Fisk, the London Independent's senior Middle East correspondent, is one of the best-known--and most polarizing--war reporters, one of the few print journalists with adoring fans and equally passionate detractors. The Independent, after discovering that most of its web hits came from Fisk readers, began charging a fee for his columns, well before other papers in Europe and North America were charging for "premium content." Now one may buy several news packages, including "Robert Fisk" for £50 a year (about $90). It is tempting to compare him to Howard Stern or Rush Limbaugh for the exclamations of fierce loyalty or disdain that his pugnacious columns inspire. But Fisk is more serious than either man and, as The Great War for Civilisation exhaustively demonstrates, he has a command of his subject worthy of a historian.
Fisk draws the title of his book from an inscription on the flip side of the World War I victory medal awarded to his father, Bill Fisk, whose service in that war was the signal experience of an otherwise unexceptional life. As a boy, Robert got a glimpse of war's ravages during family excursions to European battlefields, and his father earned a rare ration of filial admiration for demonstrating that moral bearings need not be forfeited in war. Lieut. William Fisk apparently refused to lead a firing squad charged with executing an Australian soldier for desertion and murder; the elder Fisk would have recognized a kindred spirit in Staff Sergeant Nolde, no doubt.

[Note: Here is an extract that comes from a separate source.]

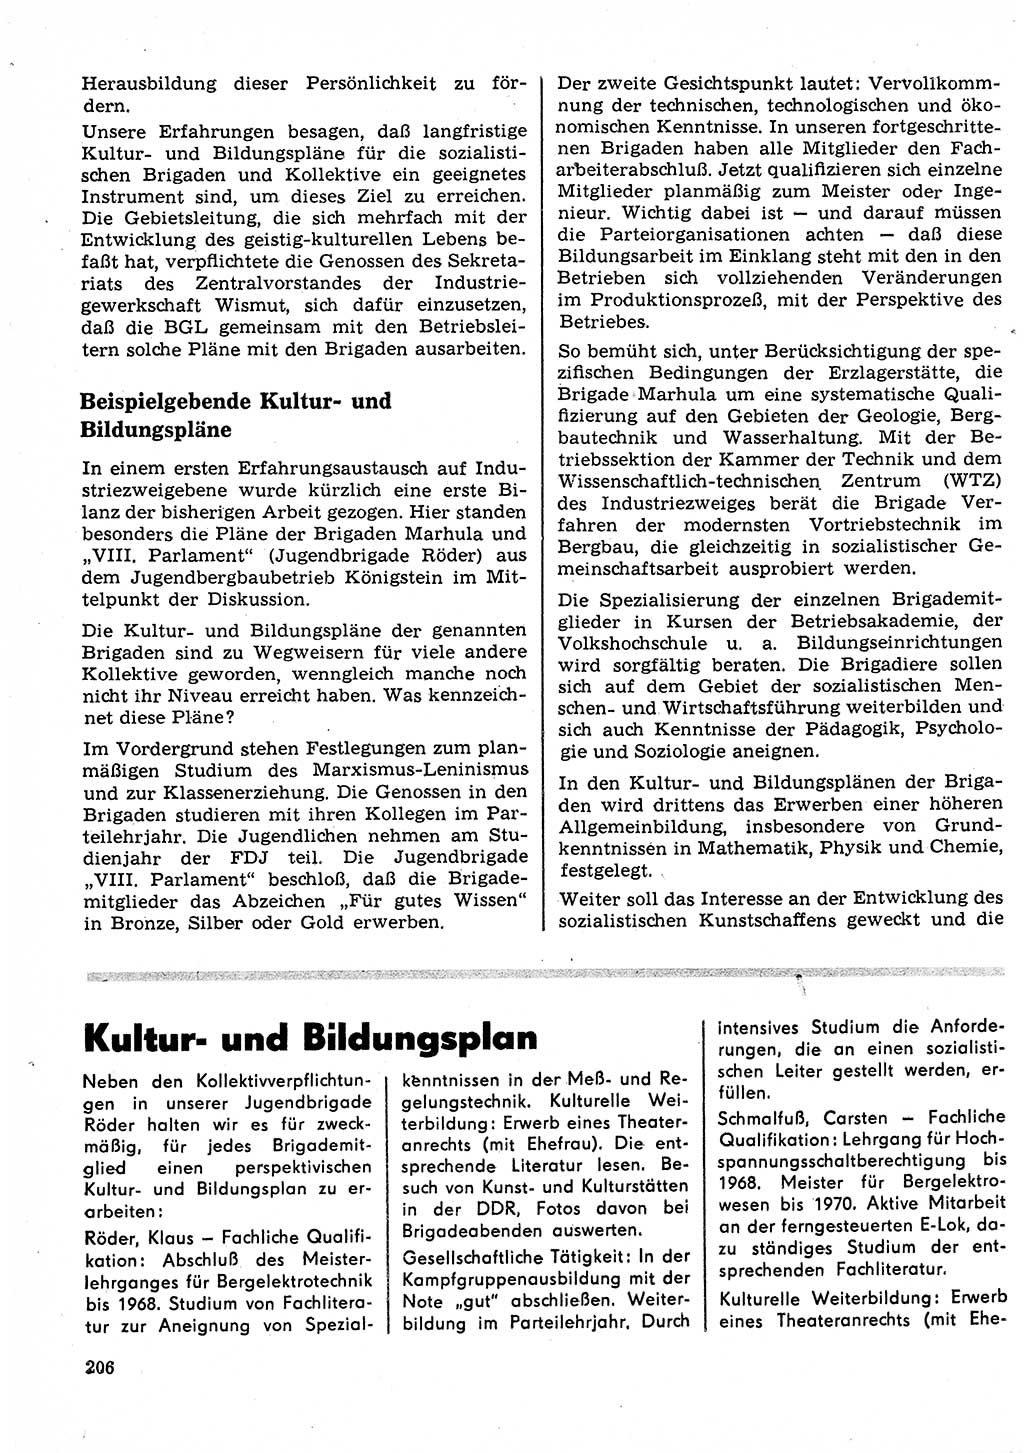 Neuer Weg (NW), Organ des Zentralkomitees (ZK) der SED (Sozialistische Einheitspartei Deutschlands) für Fragen des Parteilebens, 23. Jahrgang [Deutsche Demokratische Republik (DDR)] 1968, Seite 206 (NW ZK SED DDR 1968, S. 206)

A few other heroes appear at the most unexpected moments--a Muslim cleric who rescued the author from a potentially fatal beating in Afghanistan comes to mind--but The Great War for Civilisation does not offer many feel-good endings. Fisk's often powerful reportage is steeped in a rich appreciation of history, but the book is not chronologically tidy, nor does it advance a sustained argument to guide the reader through a vast body of work that represents thirty years of distinctively tenacious, often brave journalism. I must admit that while reading this massive, unruly book I imagined Fisk emptying all his drawers on the bed. The book would have benefited greatly from a strong-willed editor. It is not just that the prose is sometimes flabby but that anecdotes and jabs are recycled, sometimes within the same chapter. Perhaps the editors at Knopf believe that Fisk is so important to Middle East journalism--or so revered by his readers--that every nail clipping and bon mot needs to be preserved. If so, they missed a chance to offer an even more compelling, less daunting volume, especially for readers with a newly acquired curiosity about the Middle East. Even so, this is a significant work that is sure to endure well after the current flood of Middle East-related books has crested.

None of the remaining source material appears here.